A line plot with one panel showing value on the y-axis and eight
quarters on the x-axis. The years are shown in the middle of the first four
and last four quarters. The line touches the panel on the left and right.

This approach works with other geoms as well. For example, you might can create a bar plot representing the same data using the following.

ggplot(sales, aes(x = interaction(quarter, year), y = value)) +
  geom_col() +
  coord_cartesian(ylim = c(0, 32), expand = FALSE, clip = "off") +
  annotate(geom = "text", x = seq_len(nrow(sales)), y = -1, label = sales$quarter, size = 3) +
  annotate(geom = "text", x = c(2.5, 6.5), y = -3, label = unique(sales$year), size = 4) +
  theme(
    plot.margin = unit(c(1, 1, 3, 1), "lines"),
    axis.title.x = element_blank(),
    axis.text.x = element_blank()
    )

A bar chart with one panel showing value on the y-axis and eight
quarters on the x-axis. The years are shown in the middle of the first four
and last four quarters. The outer bars touch the panel on the left and
right.

If it’s undesirable to have the bars flush against the edges of the plot, a similar result can be achieved by leveraging faceting and removing the space between facets to create the appearance of a single plot. However note that the space between the bars for 2020 Q4 and 2021 Q1 is greater than the space between the other bars.

ggplot(sales, aes(x = quarter, y = value)) +
  geom_col() +
  facet_wrap(~year, strip.position = "bottom") +
  theme(
    panel.spacing = unit(0, "lines"), 
    strip.background = element_blank(),
    strip.placement = "outside"
    ) +
  labs(x = NULL)

A bar chart showing value on the y-axis and eight
quarters on the x-axis. The chart appears as a single panel. The years are
shown in the middle of the first four and last four quarters. The outer bars
do not touch the panel on the left and right.

Label formatting and customization

How can I customize the text shown on the axis labels?

Add a scale_*() layer, e.g. scale_x_continuous(), scale_y_discrete(), etc., and add custom labels to the labels argument.

See example

Suppose you want to give more informative labels for the type of drive train.

ggplot(mpg, aes(y = drv)) +
  geom_bar()

A horizontal bar chart showing the number of cars on the x-axis
for each of three types of drive trains on the y-axis. The three drive trains
are labelled from top-to-bottom as 'r', 'f' and '4'.

Use the labels argument in the appropriate scale_*() function. You can find a list of these functions here. Type of drive train (drv) is a discrete variable on the y-axis, so we’ll adjust the labels in scale_y_discrete(). One option is to list the labels in the same order as the levels. Note that we start from the bottom and go up, just like we would if the variable was numeric/continuous.
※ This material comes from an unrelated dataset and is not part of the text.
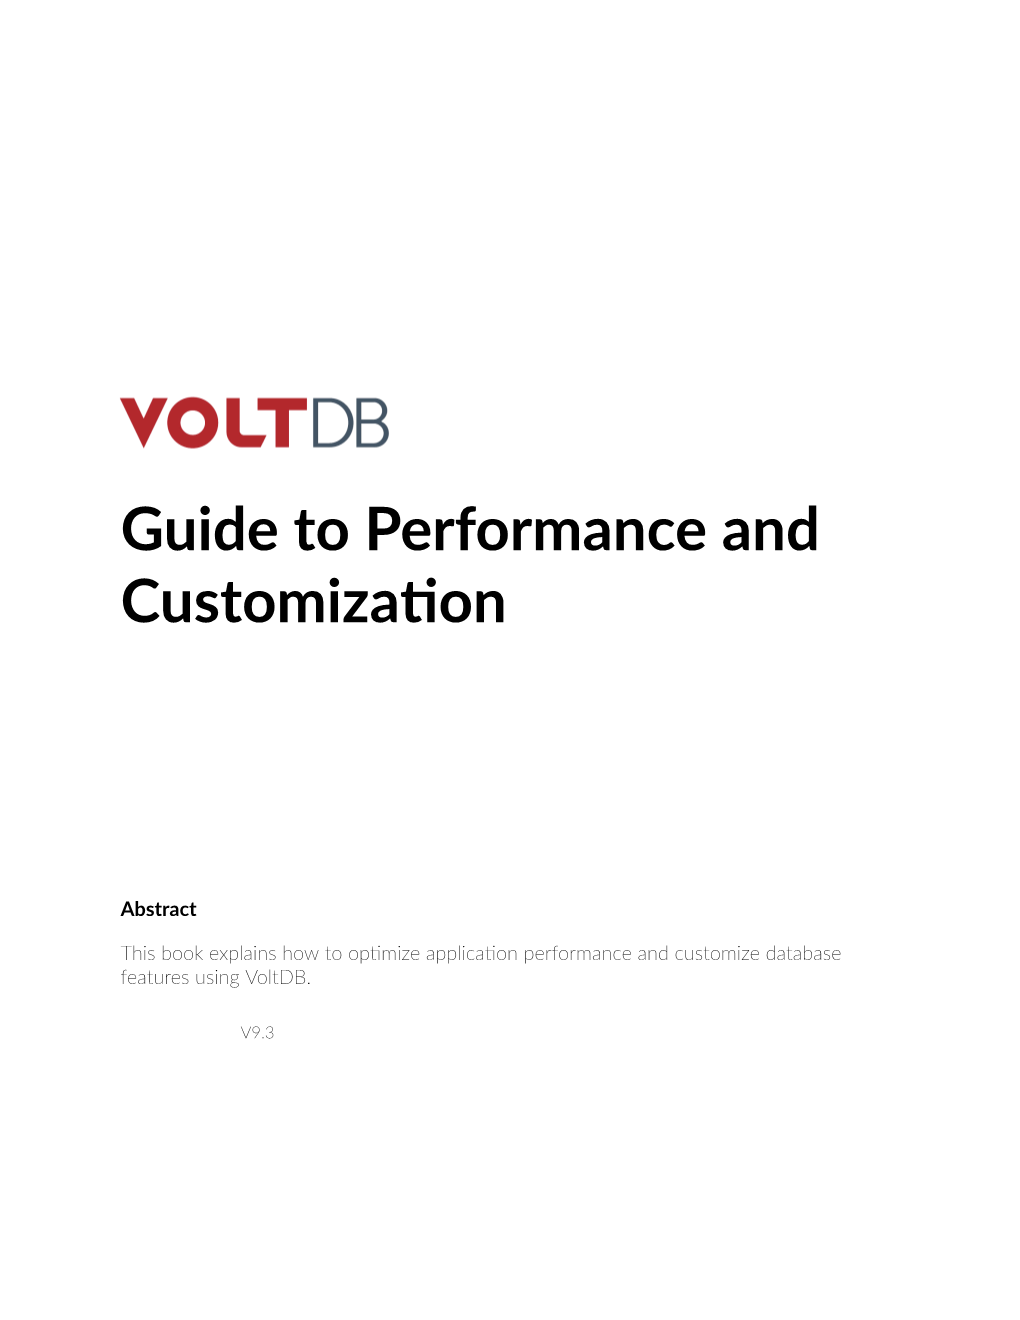 Guide to Performance and Customization

ggplot(mpg, aes(y = drv)) +
  geom_bar() +
  scale_y_discrete(
    labels = c("Four wheel drive", "Front wheel drive", "Rear wheel drive")
  )

A horizontal bar chart showing the number of cars on the x-axis
for each of three types of drive trains on the y-axis. The three drive trains
are labelled from top-to-bottom as 'Rear wheel drive', 'Front wheel drive'
and 'Four wheel drive'.

Another approach is to use a named list. This approach not only makes the relabelling more explicit, but it also means you don’t need to worry about the order of the levels.
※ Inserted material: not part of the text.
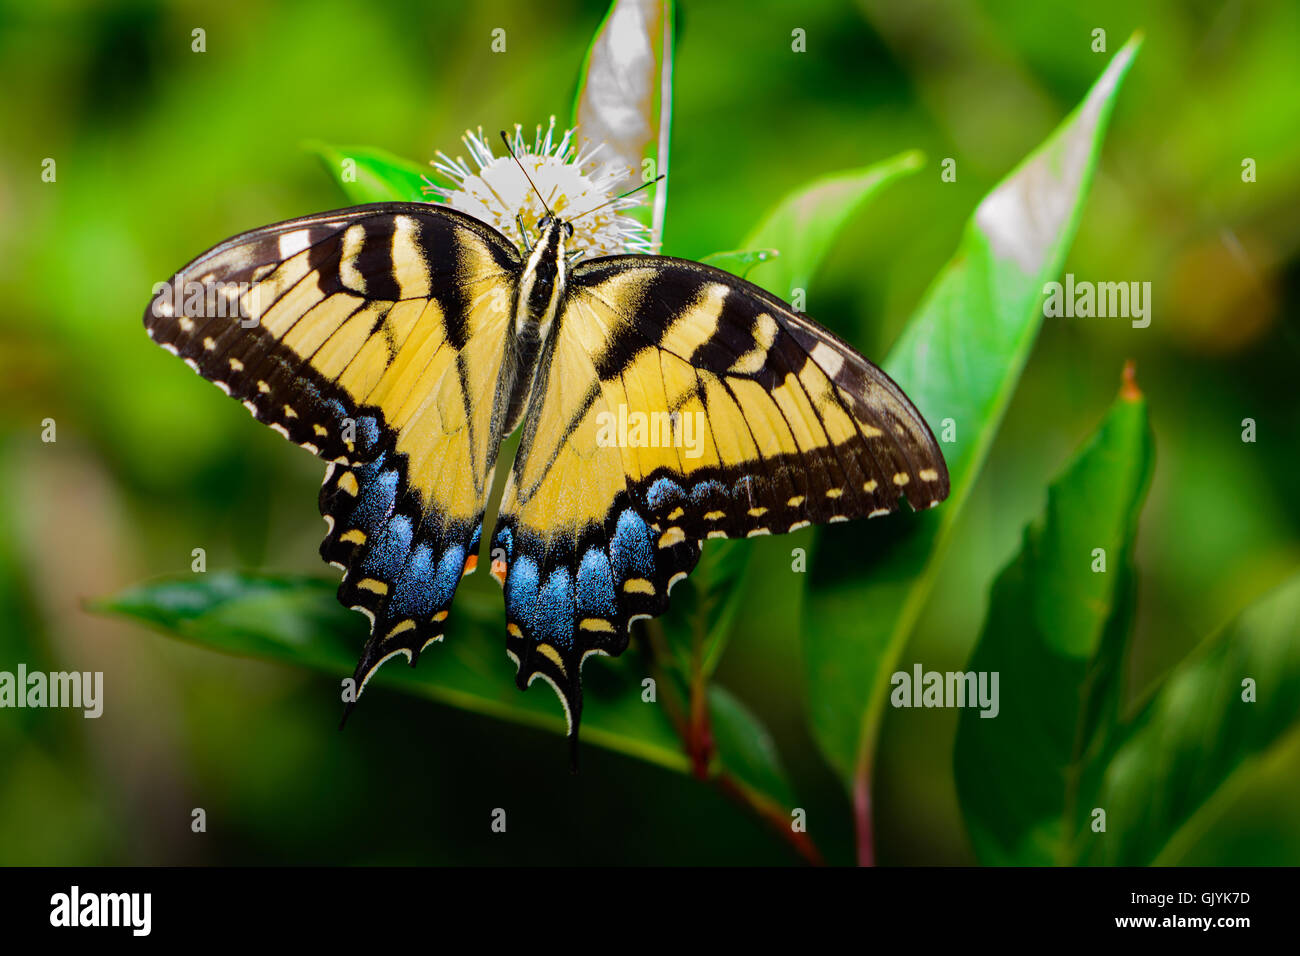 Eastern tiger swallowtail (Papilio glaucus) butterfly with vivid blue yellow and black. Fully open wings. Top View Stock Photo

ggplot(mpg, aes(y = drv)) +
  geom_bar() +
  scale_y_discrete(
    labels = c(
      "f" = "Front wheel drive",
      "r" = "Rear wheel drive",
      "4" = "Four wheel drive"
    )
  )

How can I stop R from using scientific notation on axis labels?

Use scales::label_number() to force decimal display of numbers. You will first need to add a scale_*() layer (e.g. scale_x_continuous(), scale_y_discrete(), etc.) and customise the labels argument within this layer with this function.

See example

By default, large numbers on the axis labels in the following plot are shown in scientific notation.

ggplot(txhousing, aes(x = median, y = volume)) +
  geom_point()
#> Warning: Removed 617 rows containing missing values or values outside the scale range
#> (`geom_point()`).

A scatter plot showing the median sale price of housing in Texas
on the x-axis and the total volume of sales on the y-axis. The labels of
both axes are in scientific notation, for example: '1e+09'.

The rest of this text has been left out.